Все засмеялись. Сарафанов дергал капитана за рукав и рассыпался своим дребезжащим, нерешительным смехом, откидывая голову назад. По лицу капитана проползло что-то тоже вроде улыбки, от которой вся кожа покрылась мельчайшими морщинками и зашевелились под желтыми усами синие губы.
— Уж только и отец Михей, — умиленно шептал Сарафанов, — слово скажут — одна грация…
Девушка вопросительно вскинула свои темно-серые глаза на Лекандру и улыбнулась болезненной, умной улыбкой. Скоро она ушла своими короткими шажками.

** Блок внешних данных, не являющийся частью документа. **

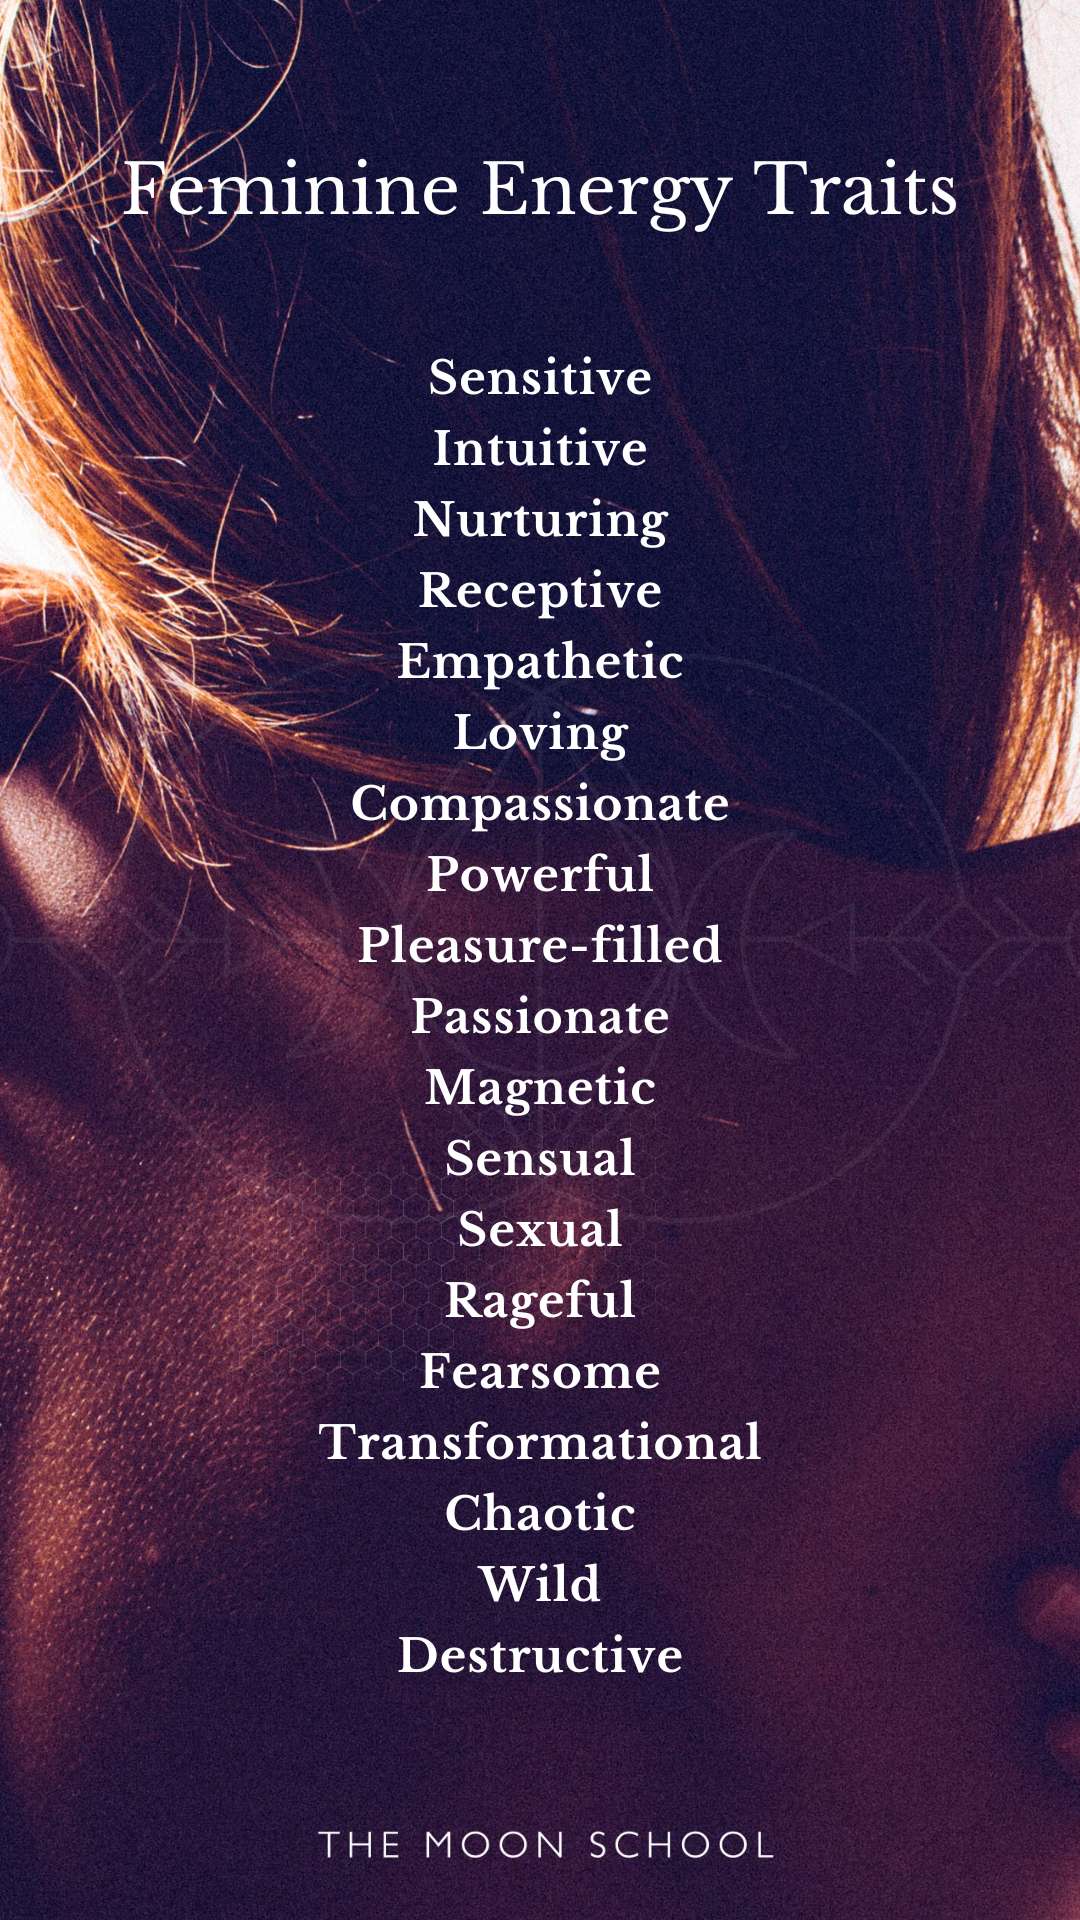 List of feminine energy traits

— Вы не смотрите на него, что он карманный, — говорил о. Михей, обращаясь ко мне и тыкая капитана своим перстом в высохшую грудь, — у него в голове-то такие узоры наведены, что нам и во сне не снилось.
— Какие там узоры, какие узоры, — шептал капитан, отмахиваясь от слов о. Михея, как от комаров.
— Вы спросите-ка Шептуна… Будут они помнить Гордея Федорыча.
— Чего помнить… нечего помнить. Дело полюбовное, по закону дело… Все по закону.
— Вот они и чешут в затылках-то от ваших законов. Видите ли, капитану, до освобождения крестьян, принадлежала половина Шатрова. Хорошо… Когда стали составлять уставную грамоту, капитан и уговорил своих бывших крестьян принять от него даровой надел по осьмине на душу. Те с большого-то ума и согласись. А теперь у капитана же и должны арендовать землю по десяти рубликов за десятинку… Как это вам понравится? У нас землю-то продают по семи рублей за десятину.
— Зачем же они арендуют землю у Гордея Федорыча, если могут купить в собственность дешевле? — спрашивал я.
— Вот тут-то и есть корень вещей: земли-то покупные далеко, надо переселяться на них, а капитанова земля под боком. У капитана всякое лыко идет в строку: он за выгоны берет отдельно, за потравы отдельно, за лес отдельно. То есть, я вам скажу, настоящий художник! Видели лес? Это все капитанов лес: мы ему за каждую жердочку платим дикую пошлину. А фабрику заметили? Ха-ха… Этакую штуку и самому Бисмарку не придумать; стоит здание, понимаете, одно здание — и больше ничего, а капитан ежегодно двадцать тысяч себе в карман да в карман. Вот как добрые люди живут, а не то, что мы грешные: по грошикам да по копеечкам.
Сарафанов умиленными глазами смотрел на капитана, как жаждущий на источник живой воды. Он преклонялся пред гением капитана.